J’ai tenu cinq ans comme architecte libéral. J’ai assez mal vécu cette période. C’était trop de stress, de données inconnues, de possibilités, de distractions, de problèmes. J’ai essayé de me tenir à un rythme et à une rigueur de travail. Ainsi que dans ma vie de couple et personnelle. Je menais parallèlement une vie spirituelle et ésotérique en m’ouvrant aux nouveaux courants holistiques. Malgré la difficulté, je vois que j’ai passé de merveilleux moments avec l’homme avec qui j’ai vécu ces découvertes et traversé les moments pénibles. J’ai élargi mon champ de conscience et de connaissances. Je me suis ouvert à moi et aux autres.

Retour au cadre protecteur !

J’ai craqué au bout de cinq ans et ai repris un emploi de vendeur pour être à nouveau dans un cadre fort et rassurant. Je n’avais qu’à obéir aux ordres et percevoir mon salaire. Un salaire bien mérité étant donné ma façon de m’investir. Une paie aussi bienvenue suite à cinq années financièrement serrées. J’ai calculé que j’avais travaillé pour trois euros de l’heure sur un projet et chantier. Je prenais trop au sérieux mon travail d’archi et m’investissais trop. Je suis resté quatre ans dans cette chaîne de magasin bio. Gravissant les échelons jusqu’à celui de responsable de magasin, ce qui a conforté mon estime de moi. Mais j’ai fini par étouffer dans ce cadre que je ne voyais plus aussi bienveillant et salvateur qu’au début. J’ai été licencié après avoir commencé à faire un burn out. Voilà où prend fin ma recherche d’un cadre protecteur extérieur.

Mon recherche de cadre protecteur en amour !
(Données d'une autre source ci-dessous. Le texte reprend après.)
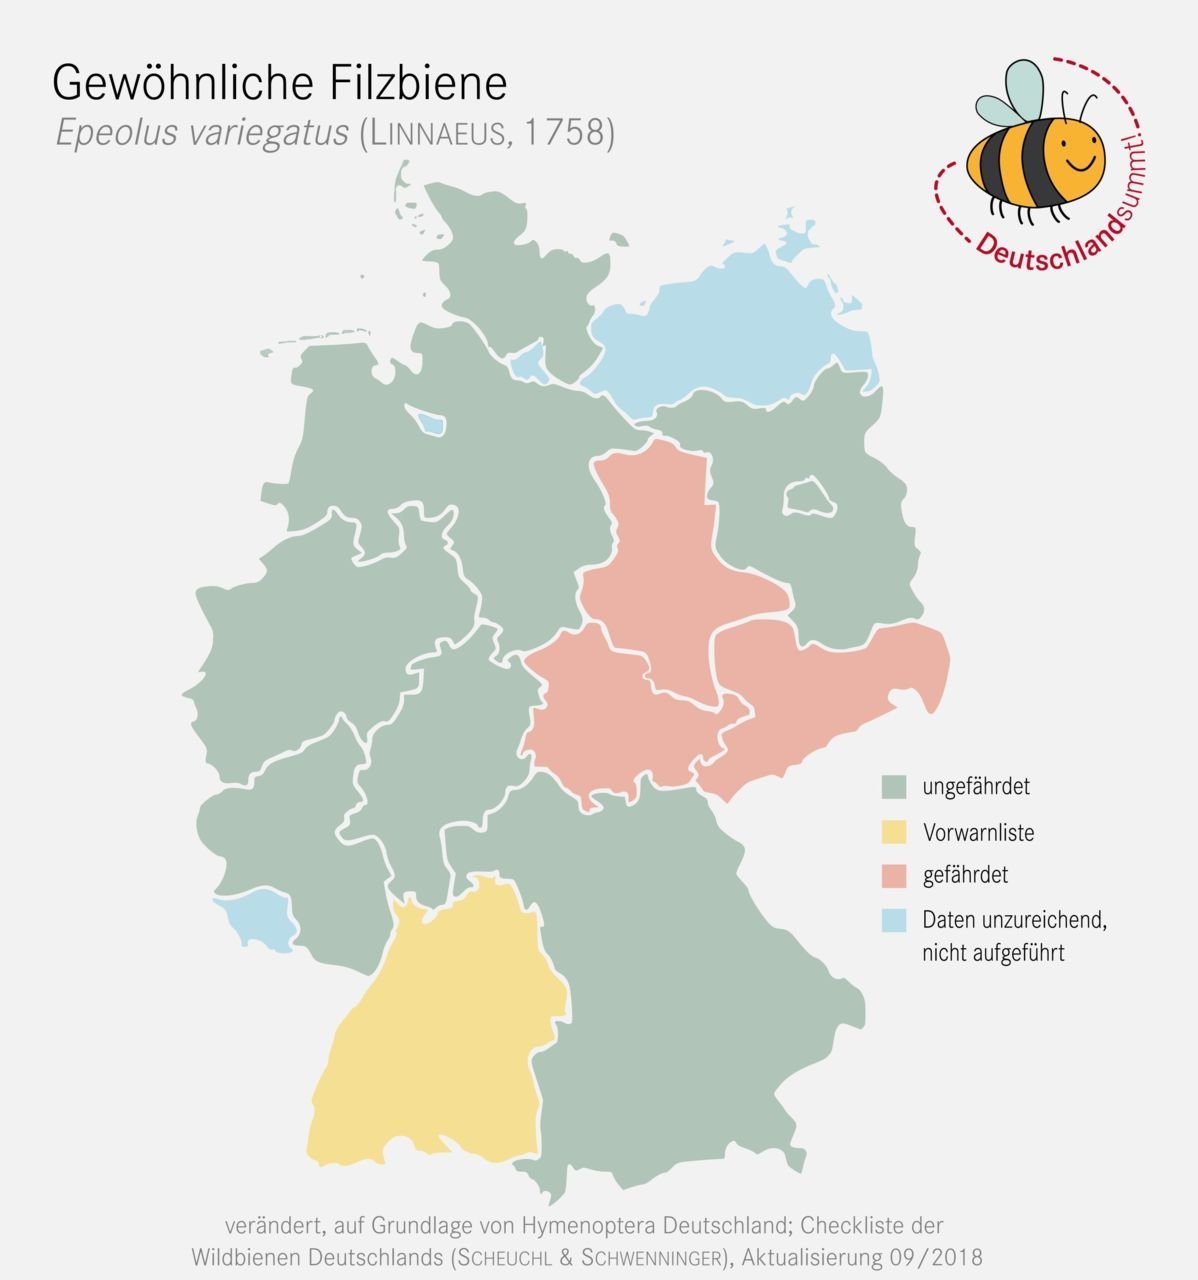 Nachweiskarte und Gefährdung der Gewöhnlichen Filzbiene in Deutschland. Klick führt zu Großansicht in neuem Fenster.

C’est dans ma vie sentimentale que ma recherche de ce cadre protecteur a fait le plus de dégâts. J’ai enchaîné pendant des années les relations. Et même quand j’étais en relation avec quelqu’un, je n’étais jamais sûr. Je pouvais tomber amoureux et avoir le coup de foudre pour de parfaits inconnus. C’est le problème de ma dépendance affective. Ce qui a fait souffrir beaucoup. Je devrais plutôt dire que mon comportement a fait souffrir. Ou encore mieux, j’ai fait souffrir. Et je m’en suis voulu. J’ai ressenti de la culpabilité et me sentais perdu à chaque rupture. Le pire est que je crois encore au Prince Charmant, à l’Amour.

Seconde période, construction de mon propre cadre protecteur !

Je cherche à construire mon propre cadre et désire rester le plus indépendant possible. Etant conscient de ma dépendance affective et de mon envie d’être en couplé, je me refuse à retomber dans les mêmes pièges qu’avant. En cherchant un homme charismatique et paternaliste au profil de sauveur. Je préférerais une relation basée sur l’autonomie de chacun, une bienveillance distante et encourageante. Professionnellement, je préfère travailler pour moi. J’ai tellement d’idées à donner, à partager que j’exploserais de ne pouvoir le faire en travaillant dans une entreprise. J’ai maintenant l’esprit indépendant et autonome, la confiance en moi et les compétences nécessaires pour être créateur de mes entreprises. Je l’espère.

Mon relatif propre cadre protecteur !

Je me rends compte qu’en acceptant les indemnités de chômage pendant deux années et l’aide après le chômage, je reste dépendant des aides de l’Etat. Même si ces revenus sont minimaux, ils demeurent bienvenus et m’offrent un cadre protecteur. J’ai quelques revenus de la vente de mes dessins depuis un an. Si je ne faisais pas de récup de nourriture gratuite en étant freegan,si je n’avais restreint mes dépenses au minimum, et si je n’avais pas mis d’économies de côté, je ne me serais pas senti à l’aise dans ma situation actuelle. Curieusement, je ne me suis jamais senti aussi bien dans ma peau et heureux tout en ayant aussi peu de revenus. Je n’ai même pas l’impression de me priver. J’ai beaucoup de chances de vivre en France et de pouvoir bénéficier d’autant d’aides. J’ai confiance en mon avenir et peux travailler et développer sereinement mes projets professionnels.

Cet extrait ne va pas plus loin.